At least one NBA executive is under the impression that teams will be on a much tighter schedule during the 2020-21 season.
According to ESPN's Tim Bontemps, Atlanta Hawks general manager Travis Schlenk said Tuesday the "NBA has indicated to the league's GMs that next year's schedule could be condensed in order to try to keep the league as close to its usual timeline as possible."
Mark Medina of USA Today reported Schlenk stated the NBA still wants teams to play an 82-game slate under such a scenario.
Per Bontemps, Schlenk pointed to more back-to-back games and sets of four games in five nights as ways the league could potentially play more games in a shorter period of time than usual.
The 2019-20 season has been suspended since March due to the coronavirus pandemic, but a plan is in place for the season to resume in July. The 2020 NBA Finals are expected to end in October, which is normally when the next season would begin.

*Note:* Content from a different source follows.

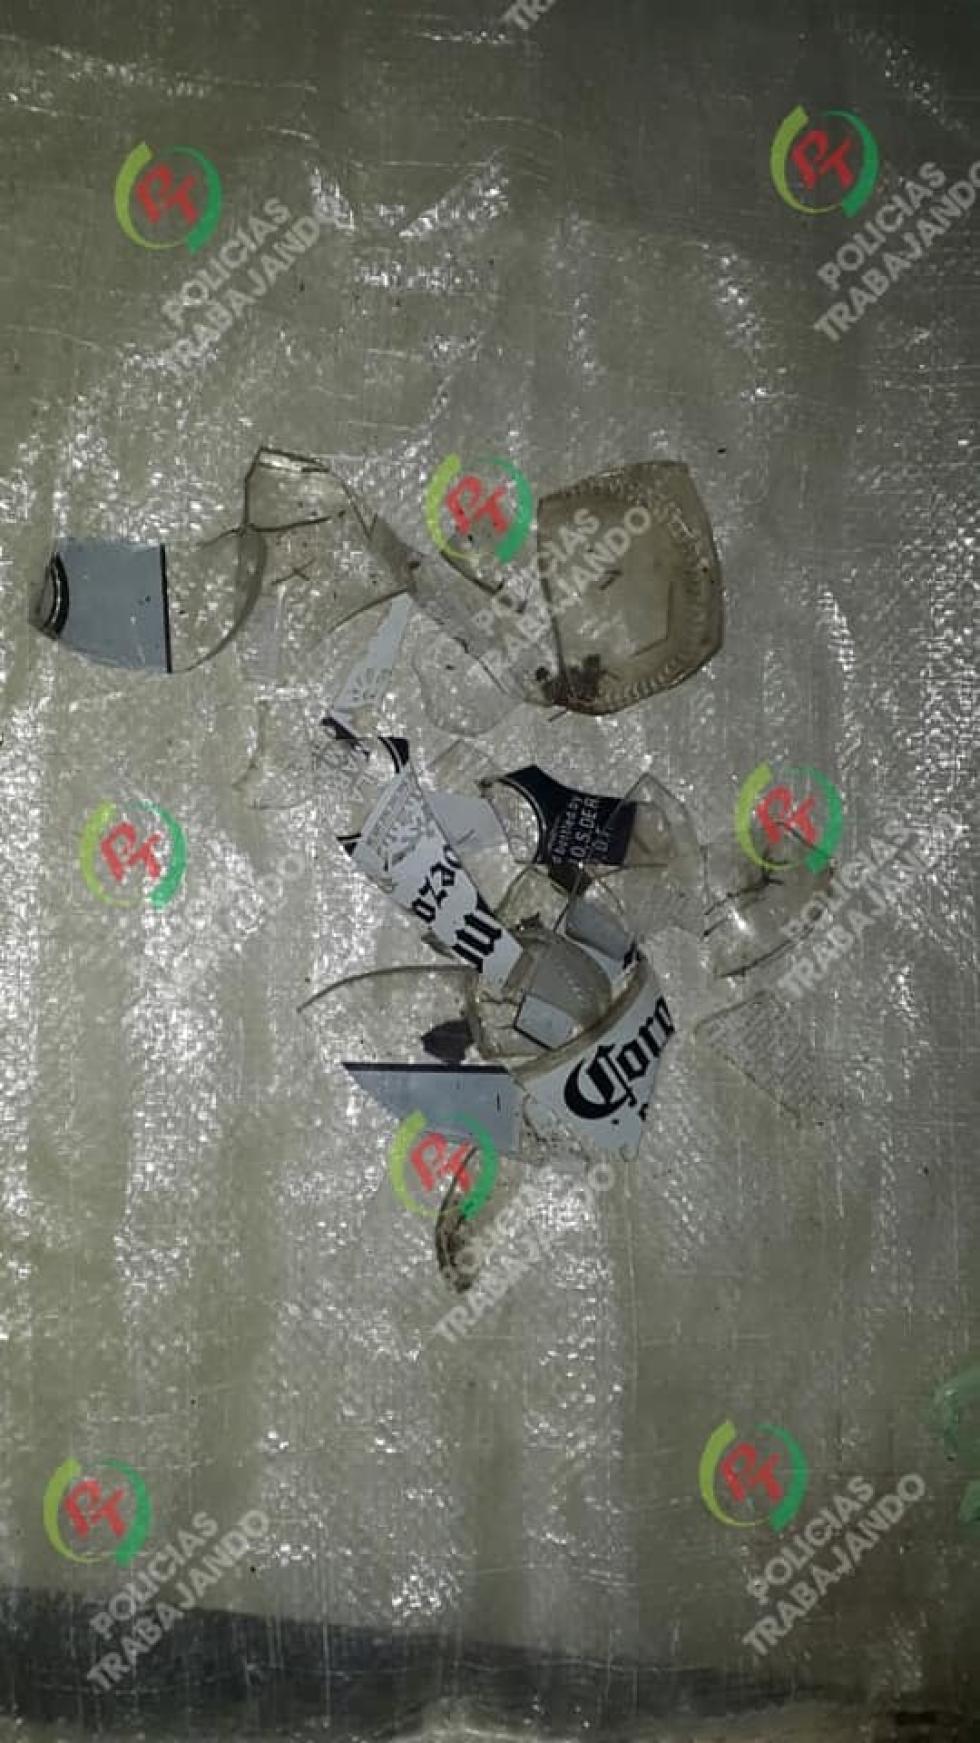 vaso roto.jpg

Since the 2019-20 season is set to go much later than usual, opening night for the 2020-21 campaign is tentatively scheduled for Dec. 1.
While Dec. 1 may be the ideal target date for the NBA, it is far from set in stone. Shams Charania of The Athletic and Stadium reported last week that the National Basketball Players Association told players the Dec. 1 start date is "unlikely" and will be negotiated.
Teams that go deep in the playoffs would have an extremely short offseason if the 2020-21 campaign begins on Dec. 1, and they wouldn't have much time to prepare since training camps would begin on Nov. 10 under that plan.
If opening night of the 2020-21 season is pushed deeper into the month of December, the NBA may have to get even more creative in order to have an 82-game schedule, or perhaps even consider cutting down the schedule.
Shortened seasons are nothing new for the NBA. All 30 teams will finish with fewer than 82 regular-season games played this season due to COVID-19. The NBA also played shortened seasons in 2011-12 and 1998-99 due to labor disputes.
One of the biggest hot-button issues in the NBA in recent years has been load management, which is the act of resting star players during busy parts of the schedule to prevent fatigue and injury.
The NBA has attempted to cut down on load management by putting protocols in place, but the league may have to make some concessions in that regard and allow teams to rest their players whenever they see fit should there be an abundance of back-to-back games next season.
Fatigue will almost certainly be an issue next season with a condensed schedule and quick turnaround from this season, so using the entire roster and deepening rotations could be key in 2020-21.